Unlike most other cryptocurrency exchanges, HitBTC offers a rebate for makers in their fee structure, meaning that makers receive 0.01% of the trade amount as a credit when a trade is made.

In terms of security, HitBTC offers 2-factor authentication, encryption technology, and cold storage. A 24-hour support team is also a nice touch.

However, the reports of manipulative wash trading should be taken into account before trading here.

Get started on HitBTC.

OKEx

OXEx crypto exchange

Trading Type Crypto / Crypto
Trading Pairs 412
Hacked before? No
Available Countries Accepts all countries
Security Features Two Factor Authentication
30d Volume (Fiat) $567,722,732.00
30d Volume (BTC) 146,920.00
Fees Complex Maker / Taker scheme

Caution: A recent report found evidence of wash trading on OKEx – a manipulative practice to exaggerate its volume figures. If correct, only 11% of reported trading volume on OXEx is real.

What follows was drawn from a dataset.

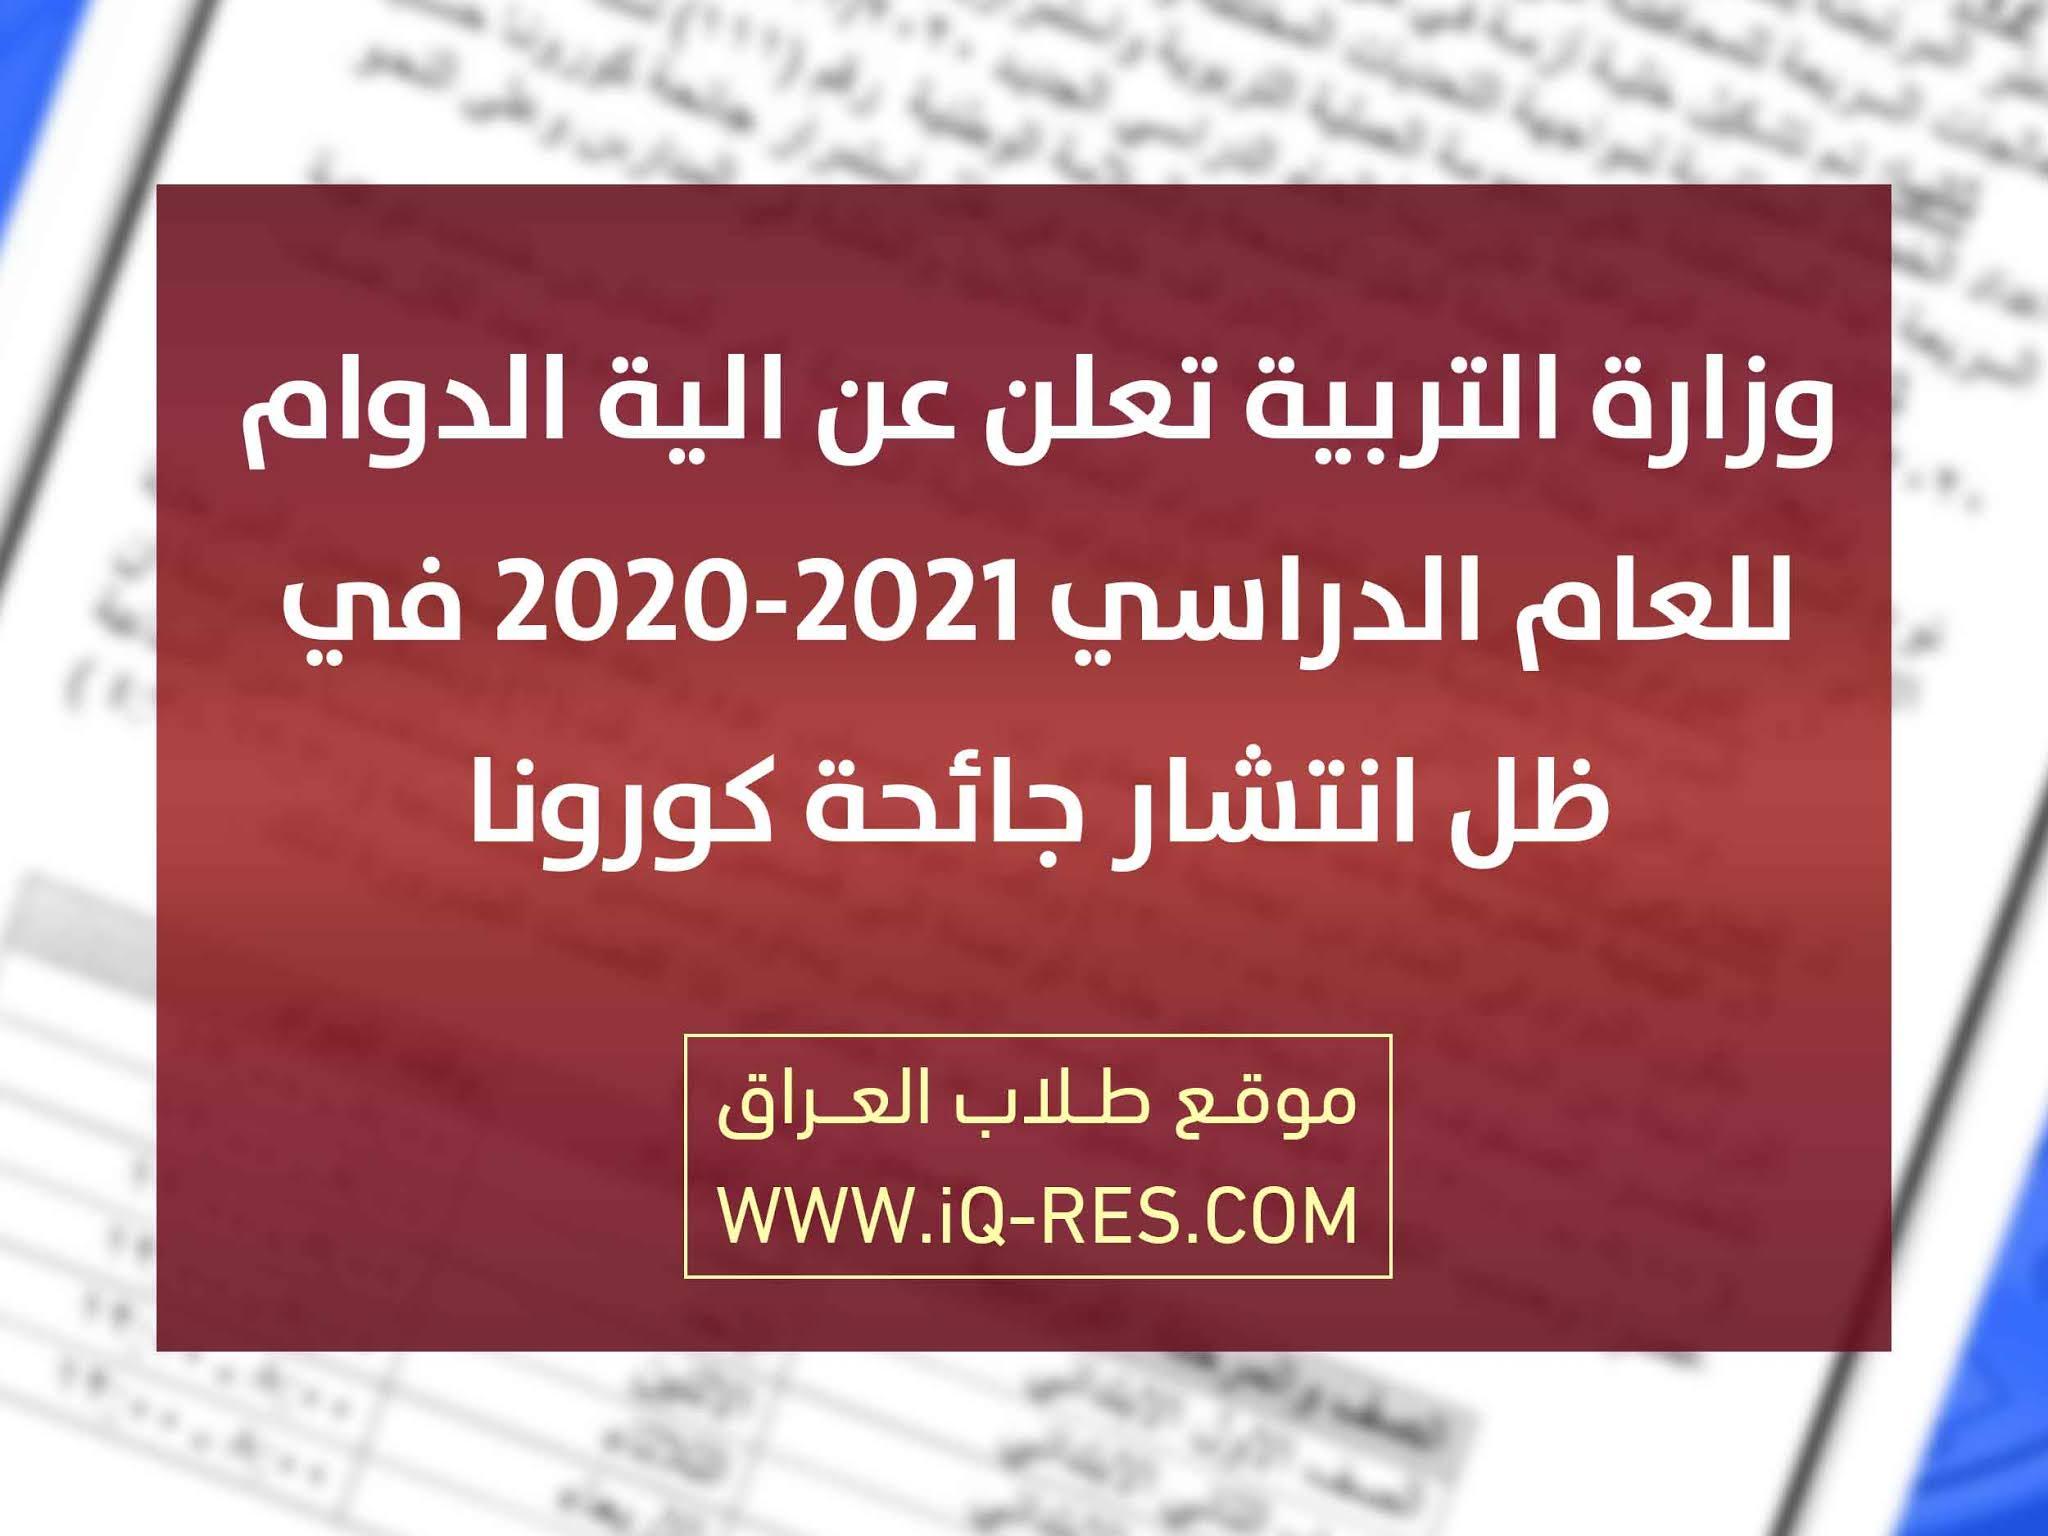 التربية تعلن عن الية الدوام للعام الدراسي 2020-2021 في ظل جائحة كورونا %25D8%25A7%25D9%2584%25D9%258A%25D8%25A9%2B%25D8%25A7%25D9%2584%25D8%25AF%25D9%2588%25D8%25A7%25D9%2585%2B2020-2021

OKEx is a Hong Kong-based cryptocurrency exchange that offers a massive number of trading pairs with an equally large amount of liquidity to back it up.

OKEx was rated Crypto Exchange of the Year at last year’s Malta Blockchain Awards.

However, in a recent investigation, OKEx was considered “completely uninsurable” and ranked in the lowest bracket for security. Additionally, OKEx was singled out for manipulating its volume. A recent report found evidence of wash trading on at least 30 of its trading pairs.

Another downside here is a complex fee structure.

Get started on OKEx.

Conclusion

There are lots of factors to consider when picking the right crypto exchange: ease of use, security features, reputation, trading pairs and trading tools. Remember, when signing up to an exchange, you are trusting them with your funds. Always do your due diligence before you transfer any money.